McDonald's (NYSE:MCD) stock has languished in the last year, mostly because sales are declining as consumers move toward fast-casual competitors offering higher quality, healthier products. But the company's problems are widely known at this stage with no surprises, and McDonald's looks attractively valued from the perspective of dividend investors. So does McDonald's present a buying opportunity for investors today?
McDonald's reported an 8% decline in systemwide sales during February. Currency headwinds were a major drag during the month, however, systemwide sales measured in constant currency still grew by an uninspiring 0.5%. Meanwhile, comparable sales declined 1.7% versus February 2014.
February was not the exception to the rule, either. McDonald's suffered declining sales through the all of 2014. Global comparable sales declined 1% last year, while total revenues declined 2% year over year.
Changing eating trends are driving McDonald's poor performance. Consumers are clearly more inclined toward fast-casual players offering a healthier menu made with fresher ingredients, even if they have to pay a few extra bucks in exchange. Chipotle Mexican Grill (NYSE:CMG) is the poster child for the fast casual revolution and has the sales growth to prove it. The organic burrito maker delivered a mouthwatering sales increase of 27.8% during 2014.
Smaller players such as Shake Shack (NYSE:SHAK) are also proving that customers are more than willing to pay up if that means better tasting products made with fresher ingredients. Shake Shack recently announced a massive sales increase of 43% for 2014 on the back of a 4.1% increase in same store sales during the year.
In response to the competition, McDonald's is implementing menu innovations, but the strategy seems to be backfiring. According to The Wall Street Journal, there are currently 121 different items on the company's menu, a big increase versus 87 items seven years ago. An enlarged menu means increased complexity at the kitchen, and this is hurting both service speed and quality.
In a move that seems to emulate Chipotle's playbook, McDonald's has recently announced that it will stop selling chicken treated with some antibiotics, and management is working on making the menu simpler and more customizable. But while these ideas seem well-intended, they could also mean higher costs and additional problems in the kitchen.
The opportunity for investors
Despite some major problems, McDonald's stock is certainly worth watching, as it offers substantial room for gains if management can turn things around.
Geographic reach and location are crucial competitive advantages in the industry, and McDonald's is a global juggernaut with more than 36,000 restaurants in the most coveted locations around the planet. Its massive scale provides considerable bargaining power with suppliers, and the company has loads of money to invest in areas such as marketing and advertising.
More than 80% of stores are franchised, which provides consistent cash flows for the company with minimal capital requirements. Even during a challenging year such as 2014, McDonald's produced $6.73 billion in operating cash flows and $4.15 billion in free cash flows. Dividends absorbed only $3.2 billion from that money, so the company has more than enough resources to sustain dividend growth.

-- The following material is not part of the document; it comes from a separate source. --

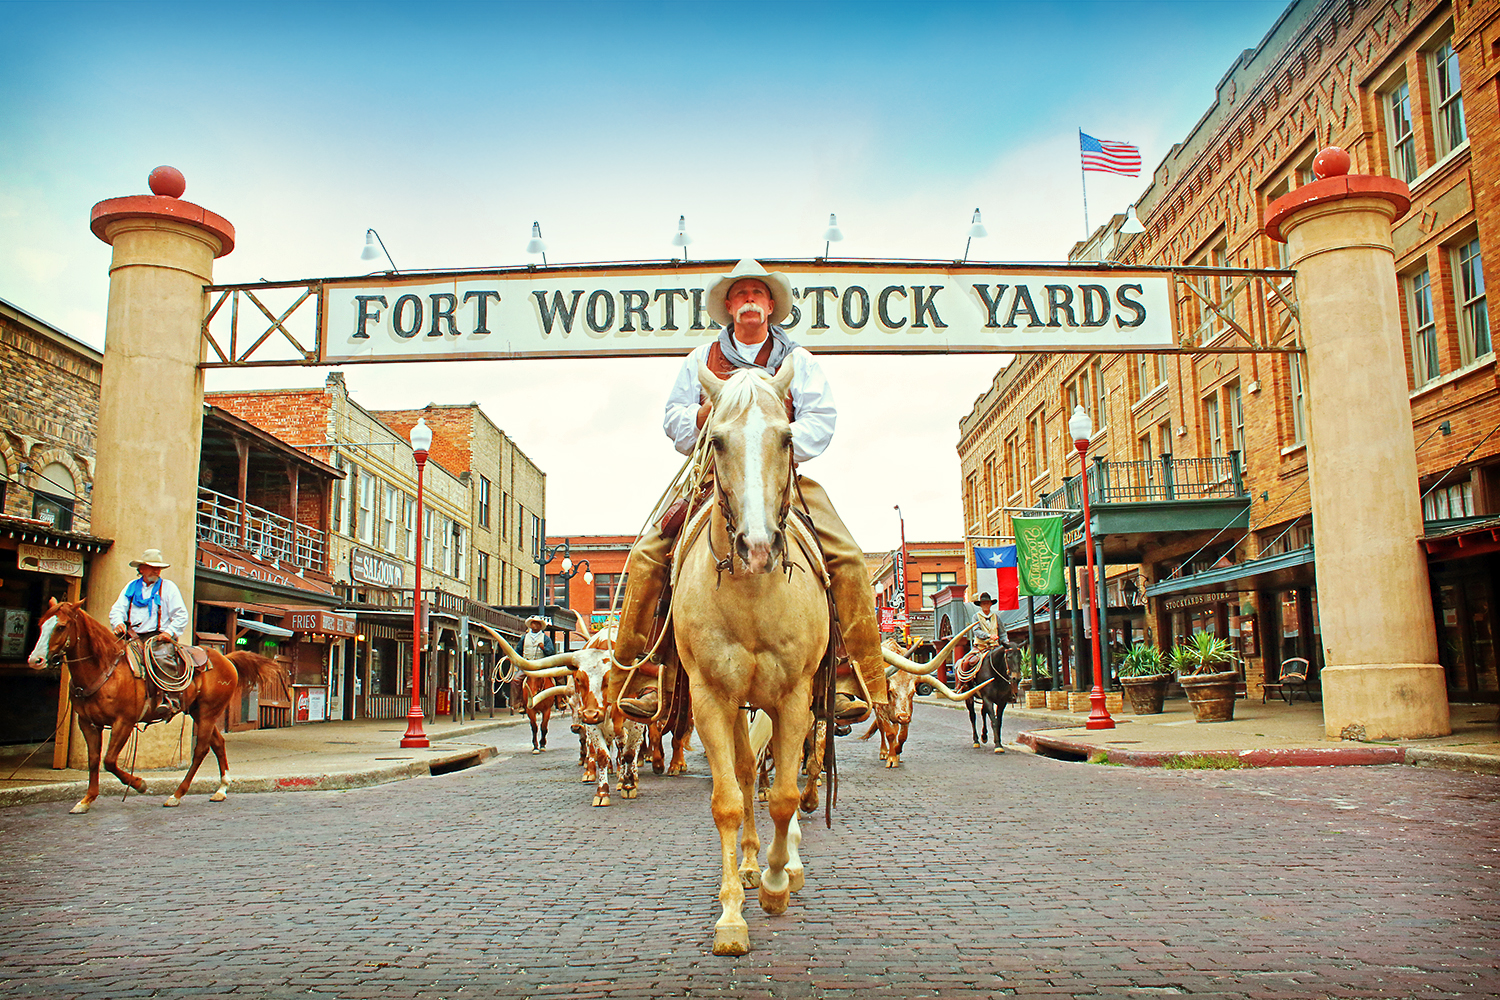 Fort Worth Stockyard cowboy in front of sign

Sure, McDonald's could easily appeal to investors since it's trading at a tasty valuation and pays a dividend yield of 3.5%. But Foolish investors should keep in mind that management has not proven that it has a viable and consistent strategy to turn sales around just yet. If that happens, the company is well-positioned to gain market share and leverage its strengths. In the meantime, however, investors may want to be patient when eyeing a position in the company.